Post by Mhuirnin on Mon Sep 29, 2008 9:31 pm

The woman awoke and stared at the ceiling for long minutes, trying to get her bearings. She lay still, slowly registering the soft bed she lay in and the flickering light of a small fire on the stone and timber ceiling. A tall shelf rose sharply to one side, and she caught what looked like a fireplace chimney out of the corner of one eye. She sat up in the pre-dawn glow of a fire in a little fireplace and smiled to find herself in pale blue pajamas that matched the bed sheets of a large, hand-carved wooden bed. She felt a little simple for being so pleased with such a small detail, but there it was. Yawning, she swung her feet over the side of the bed and onto a soft rug that spared her the morning chill of a stone floor. She spent a few moments just brushing her feet on the shaggy pile. This really wasn’t so bad, she decided.

Sleepily rubbing an eye, she wondered about who had started a fire that obviously couldn’t have been burning all night. A servant? A spouse? She glanced back over her shoulder thoughtfully. The bed was big enough for two, but looked like it had only been slept in by one. That ruled out spouse, then. Unless he was in the doghouse and spent the night on the couch… If there was a couch in here. The tall shelf-back next to her bed blocked off her view of the majority of the room. She looked around at what part she could see a bit more, noticing the intricate tapestry on the wall, the stately wardrobe in the far corner, and the delicate paper lamp that shone down from the shelf above. Unless she had friends who made a habit of sneaking in to start a fire before she woke up, which although possible wasn’t really likely, the comfortable surroundings seemed to say she probably had enough money to hire a servant. If this was hers, that is. Was it? …Who was she, anyway?

She stood up and stuck out to explore… Straight into a wave of vertigo. She stumbled and steadied herself on the nearby dresser, only to find herself face-to-face with a pleasant-looking woman. She smiled experimentally, and the other woman smiled back.

Of course she did stupid, you’re making faces at a mirror.

The woman felt sheepish for a moment before remembering that the woman in the mirror was named Lyre. No… That wasn’t right, she was named Lyre. This was Bastok, in her mog house, and that fire was probably lit by her creepy little stalker Mogbert, formerly known as Ted. Her Moogle. At least he’d been behaving himself recently, ever since Verence threatened him.

Verence…

Her heart fluttered and she didn’t bother to hide a small, girlish smile. She had a boyfriend now! Even after getting used to the idea, it still brought a smile to her face... When she was alone and nobody could see it. She had an image to keep up, after all. Speaking of recently…

Speaking of recently, aren’t you forgetting something?

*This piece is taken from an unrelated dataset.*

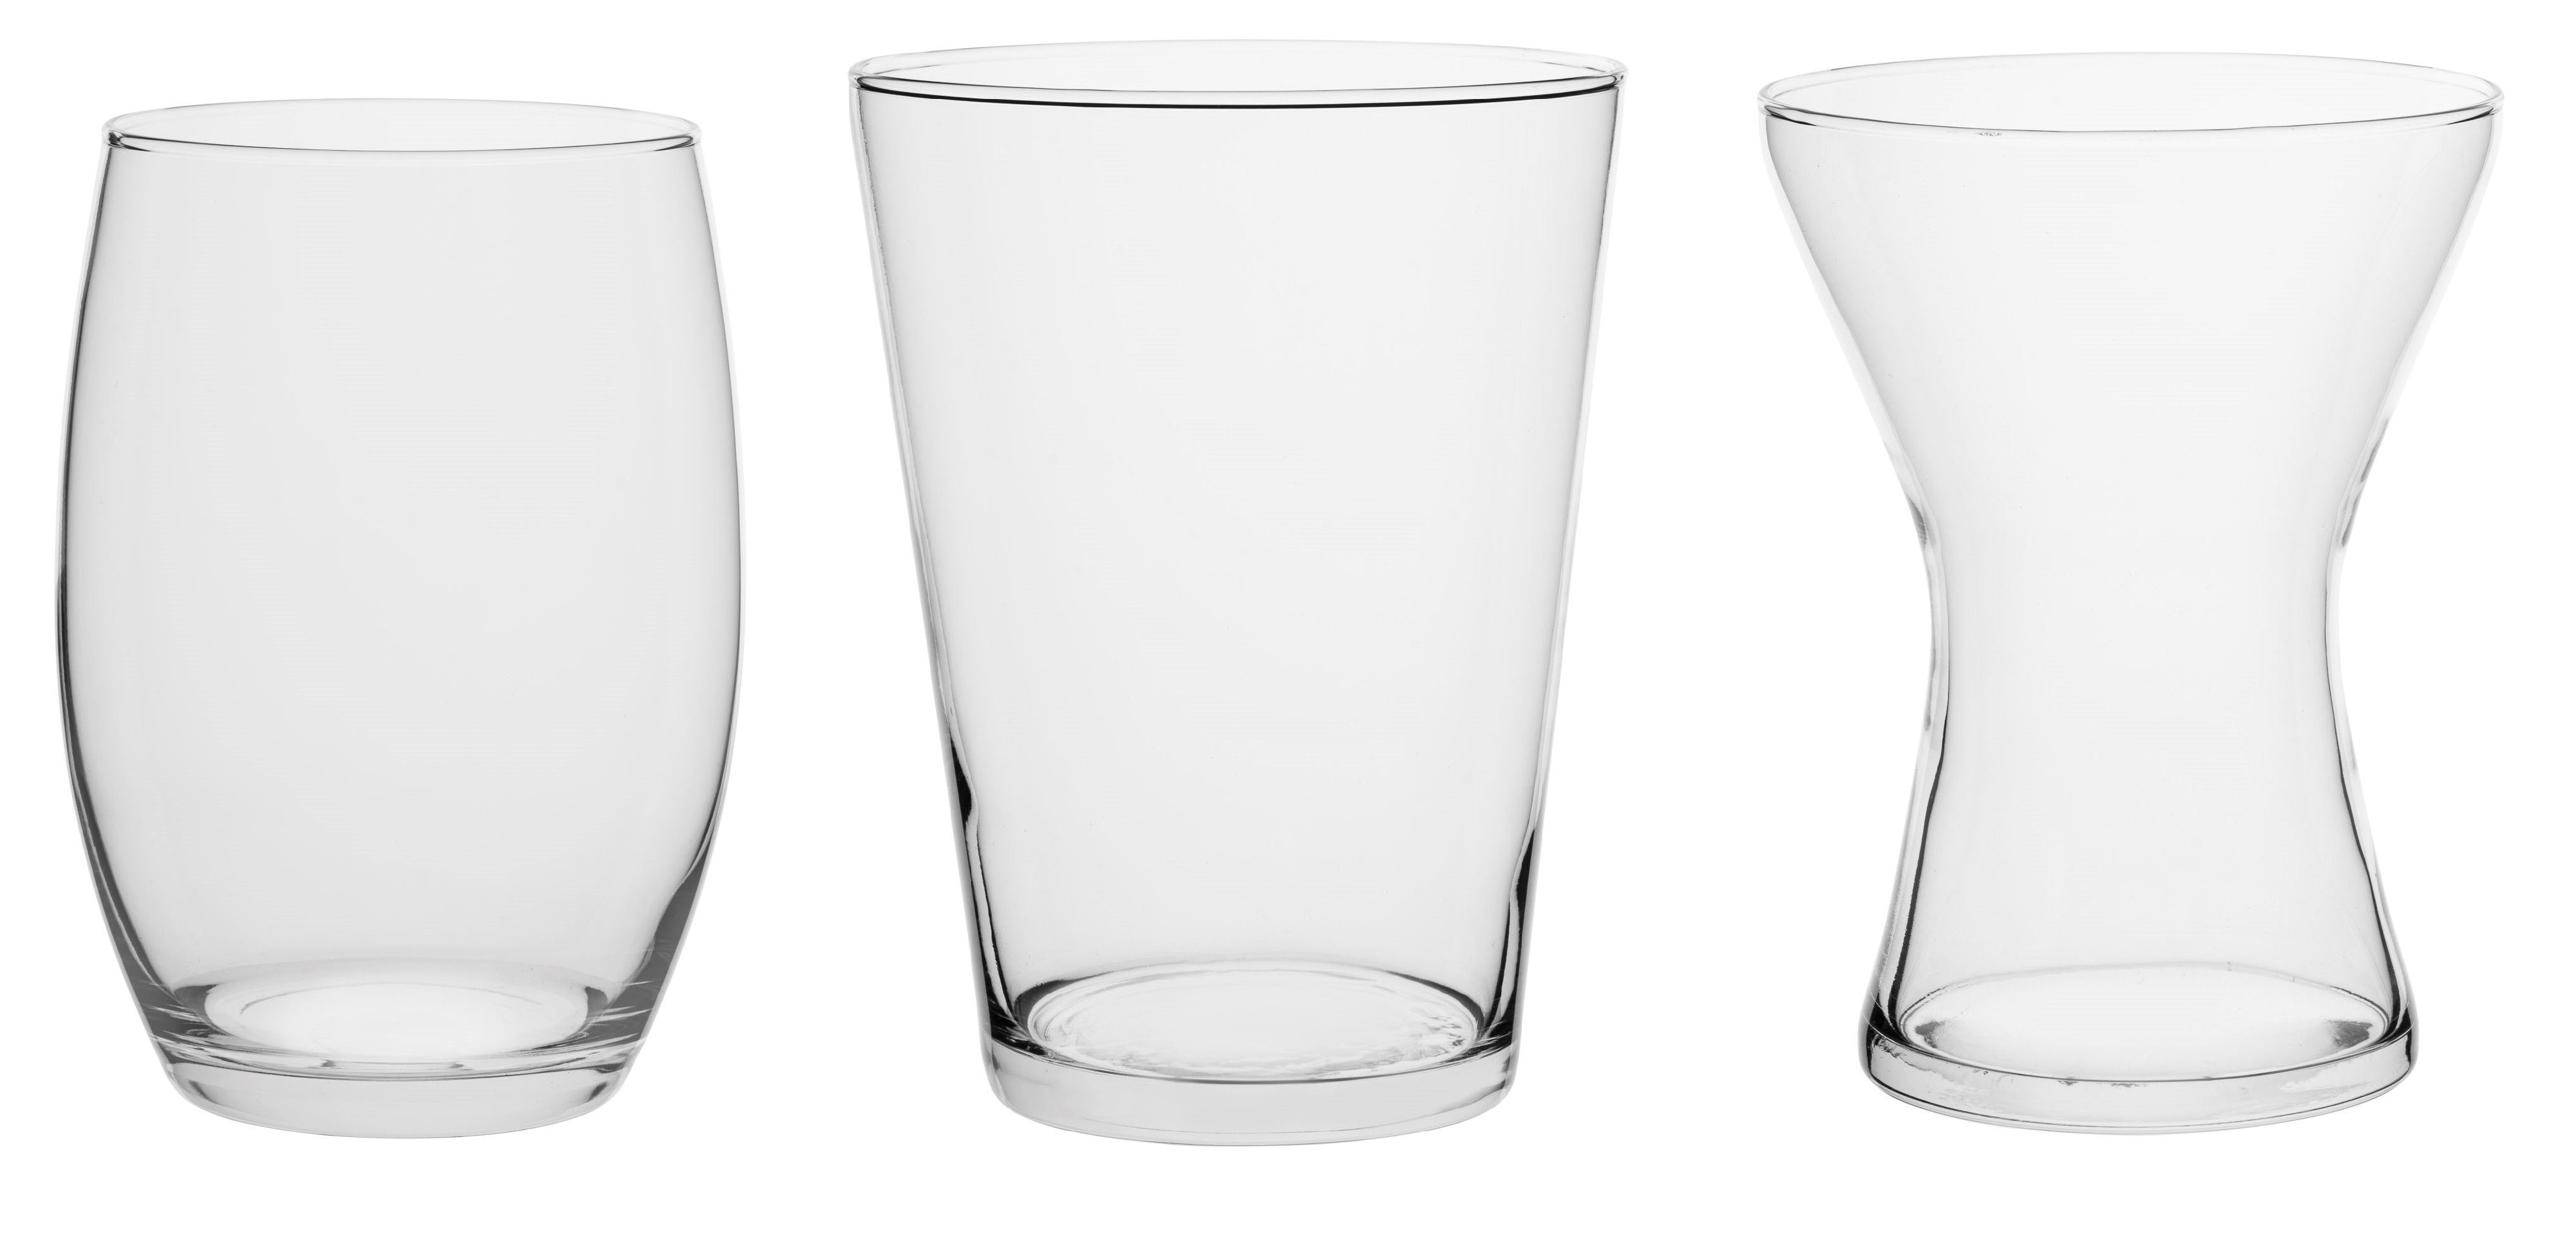 GlasArt Dekovase 2er SET Dekovasen aus Klarglas 20cm hoch, Auswahl aus drei Formen bauchig konisch trapez, handgefertigt (2er-Set, 2, 2 St., Bestehend aus 2x gleiche Vase nach Wahl), klarglas

And then she remembered. It wasn’t the trumpets-blaring revelation it might have been, it felt closer to finally taking a deep breath after spending so long underwater that her lungs felt about to burst. Lyre laughed aloud with the relief it brought and grinned at the face in the mirror.

“Lyre, huh. Not quite, sweetheart, but it’s close enough.”

She wasn’t Lyre. Not really. She’d discovered that while wearing another face, in another world that might have been. The damning thing was that she remembered remembering, but she didn’t remember what she remembered. She remembered enough to know who she was though, and that was neither the Miriam who died twenty years ago nor the Lyre who did just the last. She had to admit, it felt good not having to hold a whispered conversation just to find out what she did and didn’t know. She looked down at her right hand and flexed it carefully, wondering why she seemed to think it should be clumsy and stiff. Her slender fingers closed easily.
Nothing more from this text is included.